Short Course Radiotherapy for Localized Prostate Cancer

NCT03518853 | Completed DMC

• 2 other identifiers: EC/TMC/0612CTRI/2016/02/006671
• Study Type: interventional
• Target: 30
• Locations: 1 country
• Sites: 1

Brief Summary

Hypofractionated external beam radiotherapy has been clinically used for localized prostate cancer in view of the low estimated alpha/beta ratio of prostate cancer cells. Moderate fraction sizes of \<4Gy per fraction has been investigated in several phase II/III studies and has been found to be well tolerated with comparable biochemical control in comparison with standard fractionated dose-escalated regimens. Fraction sizes of \> 4 Gy has also been investigated in single center studies. However, its toxicity and disease control outcomes is less well known. In this Phase I/II single arm study the investigators aim to treat non-metastatic prostate cancer with stageT1-T4N0M0 and Prostate Specific Antigen (PSA) \<60 ng/ml to a regimen of 35Gy in 5 fractions delivered once a week with a view to determine acute toxicity, biochemical control with PSA and late toxicity.

Conditions

Adenocarcinoma of Prostate

Outcome Measures

Primary Outcomes (1)

• Incidence of Acute Gastrointestinal and Genitourinary toxicity as assessed by National Cancer Institute(NCI) Common Terminology Criteria for Adverse Events (CTCAE) v4.0

  To determine the rates of acute gastrointestinal and genitourinary toxicity according to NCI CTCAE v4.0.

  Day 29

Secondary Outcomes (5)

• Biochemical control (with measurement of Prostate Specific Antigen measured in ng/ml)

  3 years

• Incidence of Late Gastrointestinal Toxicity as assessed by NCI CTCAE v4.0

  3 years

• Incidence of Late Genitourinary Toxicity as assessed by NCI CTCAE v4.0

  3 years

• Assessing the Quality of Life by measuring patient reported outcomes using European Organization for Research and Treatment of Cancer (EORTC) Quality of Life Questionnaire (QLQ) C30 questionnaire

  3 years

• Assessing the Quality of Life by measuring patient reported outcomes using European Organization for Research and Treatment of Cancer (EORTC) Quality of Life Questionnaire (QLQ) PR25 questionnaire

  3 years

Study Arms (1)

Short-course Radiation Therapy

EXPERIMENTAL

Short-course Hypofractionated Once-weekly Radiation Therapy: 35Gy in 5 fractions delivered once a week.

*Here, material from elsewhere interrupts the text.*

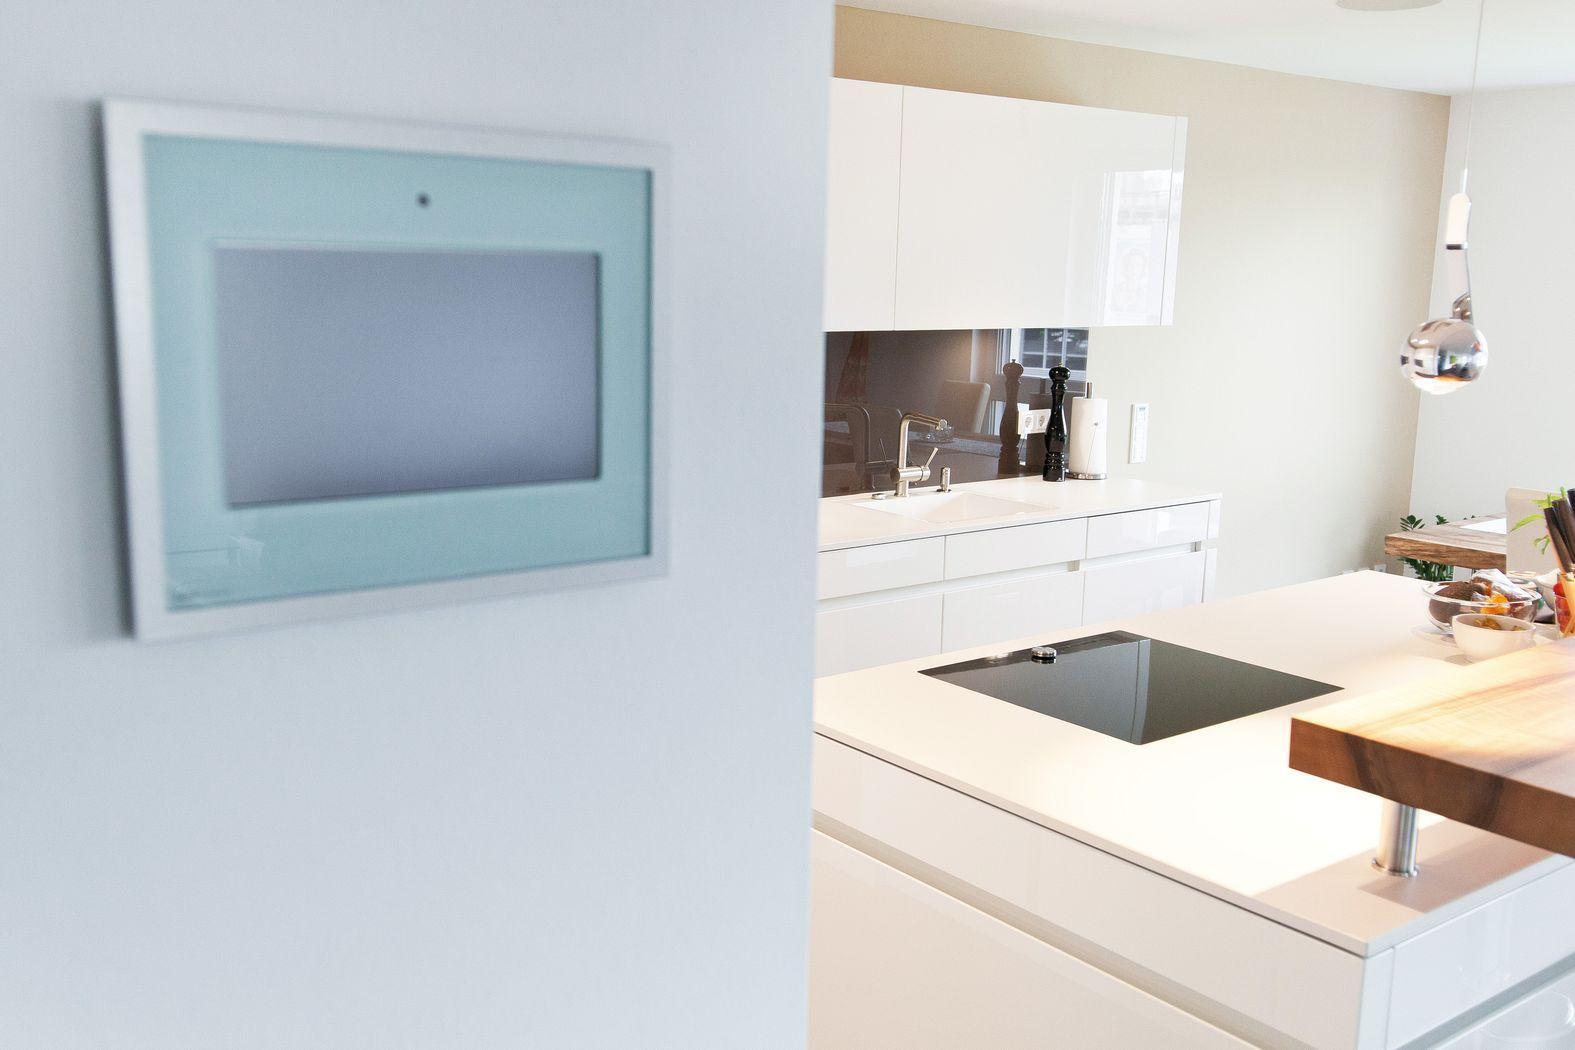 Kochinsel küchentraum in hochglanz weiß mit theke und modernster ...

Radiation: Short-course Hypofractionated Once-weekly Radiation Therapy

Interventions

Short-course Hypofractionated Once-weekly Radiation Therapy RADIATION

Eligible patients will be treated with a radiation regimen of 35 Gy in 5 fractions delivered at one fraction per week at 7 day intervals. The dose of radiotherapy is based on the consensus alpha beta ratio of 1.5.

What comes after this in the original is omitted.